In recent times, concerns of prolonged higher interest rates have begun to reverberate across the globe, leading to an upward trajectory in government-bond yields. Notably, the ten-year Treasury yields in the United States have surged to approximately 4.7%, marking their highest level since 2007. Simultaneously, the Bank of Japan has escalated its bond purchases to cap yields, while in Europe, on October 4th, the yield on ten-year German Bunds exceeded 3% for the first time in over a decade. Italy, one of the European Union’s most indebted member states, faces yields of nearly 5%—the highest since the euro zone’s sovereign-debt crisis in 2012. This situation raises concerns about Italy’s spending plans and their sustainability.
Over the past 15 months, the euro zone has grappled with surging inflation, prompting the European Central Bank (ECB) to increase interest rates by 4.5 percentage points. Despite this battle against inflation, public spending in several major European countries has continued to expand significantly, initially aimed at aiding citizens’ recovery from lockdowns and energy crises. However, as these shocks have diminished, budget deficits remain substantial. France anticipates a budget shortfall of nearly 5% of GDP this year, followed by 4.4% in the next. Italy, on the other hand, plans to maintain a deficit of 5.3% this year and 4.3% in 2024, despite expecting an injection of nearly €70 billion ($74 billion) from the EU’s common pandemic-recovery fund.
Italy’s precarious fiscal position is compounded by its sluggish economic growth, projected to remain below 1% this year, and its colossal debt burden, with net public debt reaching 144% of GDP in 2022. Excessive deficits and soaring interest rates could render Italy’s debt unmanageable, posing a severe threat.
Investors are well aware of these risks, leading to a premium for lending to Italy compared to lending to Germany. When Italy’s government unveiled its budget plans on September 27th, the yield-spread duly increased. Unless spending is reined in, Italy’s leadership under Giorgia Meloni is on a collision course with the European Commission, the central bank, and investors. Ideally, Italy would adhere to the EU’s fiscal rules designed to safeguard its public finances. However, these rules are viewed as unrealistic, with expectations of Italy achieving a debt-to-GDP target of 60% over a specified time frame being deemed impractical. Despite efforts to overhaul these rules, conservative northern EU countries remain reluctant to compromise, resulting in a standstill.

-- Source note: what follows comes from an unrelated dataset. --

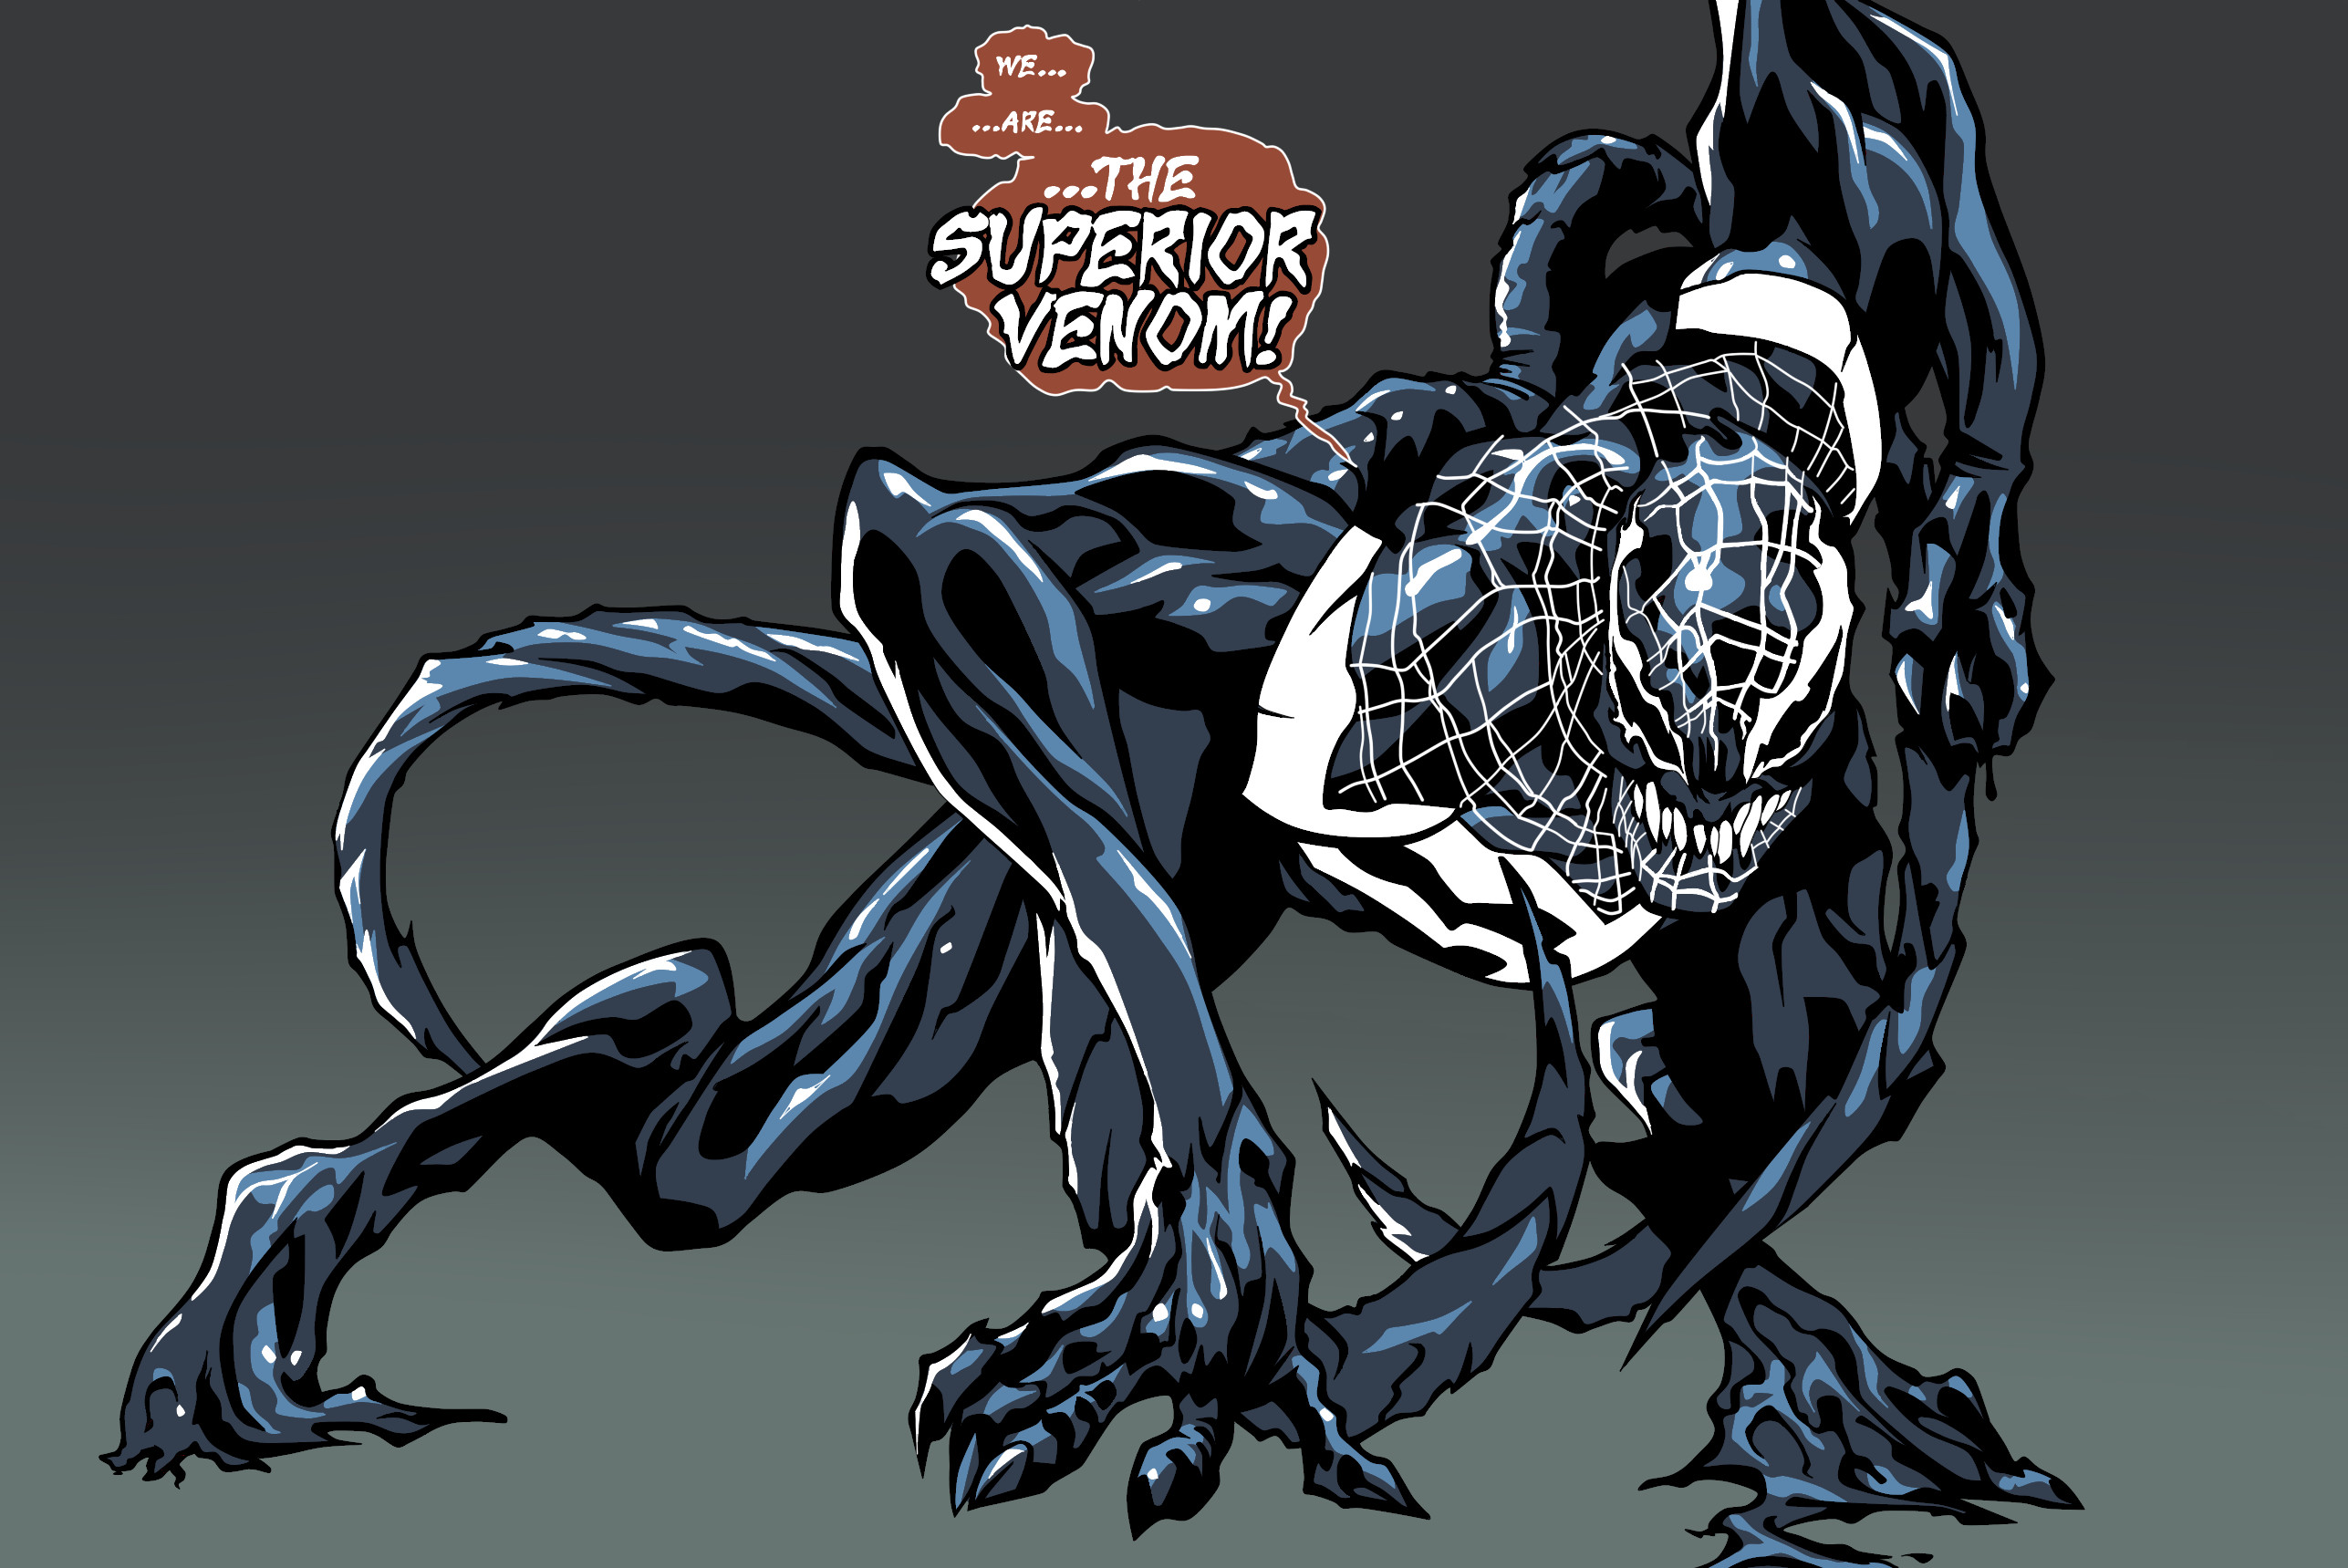 Superior Venom by kyouji-kuzunoha Superior Venom by kyouji-kuzunoha

Even with improved regulations, enforcing them presents another challenge. Past experience indicates that national governments often sidestep Brussels’ rules to avoid upsetting their constituents. Consequently, Italy remains vulnerable to discipline from investors and the ECB. The central bank’s role is now more transparent than during the depths of the euro zone’s debt crisis, with commitments to purchase government debt if spreads become uncontrollable. However, the ECB’s focus is primarily on preventing unwarranted spread increases rather than directly managing interest rates—an issue confronting Italy. Furthermore, having been an active buyer of government bonds during the pandemic, the ECB is soon to decide on reducing its holdings, potentially diminishing demand for Italian bonds.
The stage is set for further market turbulence. While Ms. Meloni’s government may choose to rein in spending proactively, it is more likely that external pressures, such as nervous investors and rising borrowing costs, will eventually compel corrective action. A reckoning with reality seems inevitable; the only question is how dramatic the situation must become before significant changes are made.